The course then addresses the planning of a project and understanding what kinds of questions might be answerable through social media data. Whilst social media data can provide researchers a major opportunity for creative and insightful work, it is not without its problems and biases which can impact upon the conclusions you can draw. Equally, whilst there is a vast range of different types of data available across different platforms, their utility is not infinite and it is important to understand what kinds of data can be gleaned from social media, and how a project might expand beyond the data these platforms provide.

Having done much thinking about the project, how then do we actually, practically, do the project? The act of data collection may be more diverse than you might imagine and we consider a range of approaches depending on the kind of project you are conducting. Perhaps the scale and meta-data provided by the platform API will perfectly supply your project with the kinds of data it needs. However, you may find a more considered manual approach to the collection will give you insights that the API just cannot provide down its pipeline. We consider multiple approaches, as well as how the approaches may shape the realities of your project, particularly when it comes to the design and limits of a platform API.

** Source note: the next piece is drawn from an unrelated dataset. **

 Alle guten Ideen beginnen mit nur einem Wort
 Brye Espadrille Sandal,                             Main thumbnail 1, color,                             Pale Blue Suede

Tools for social media research

Finally, we consider the tools available to the emergent new social media researcher and how to judge them in relation to your project’s needs. There is a vast world of toolkits available to researchers ranging in user accessibility and in their features. Some may want to take the programmatic approach, building their own solution from the ground up using a programming language like Python or R. Others may find that their questions can easily be answered by pre-built toolsets, offering a quicker entry into the field. However, not all tools are created equal and we offer a range of points worth considering when you are selecting what tool to use, encompassing not just methodological factors, but also practical ones.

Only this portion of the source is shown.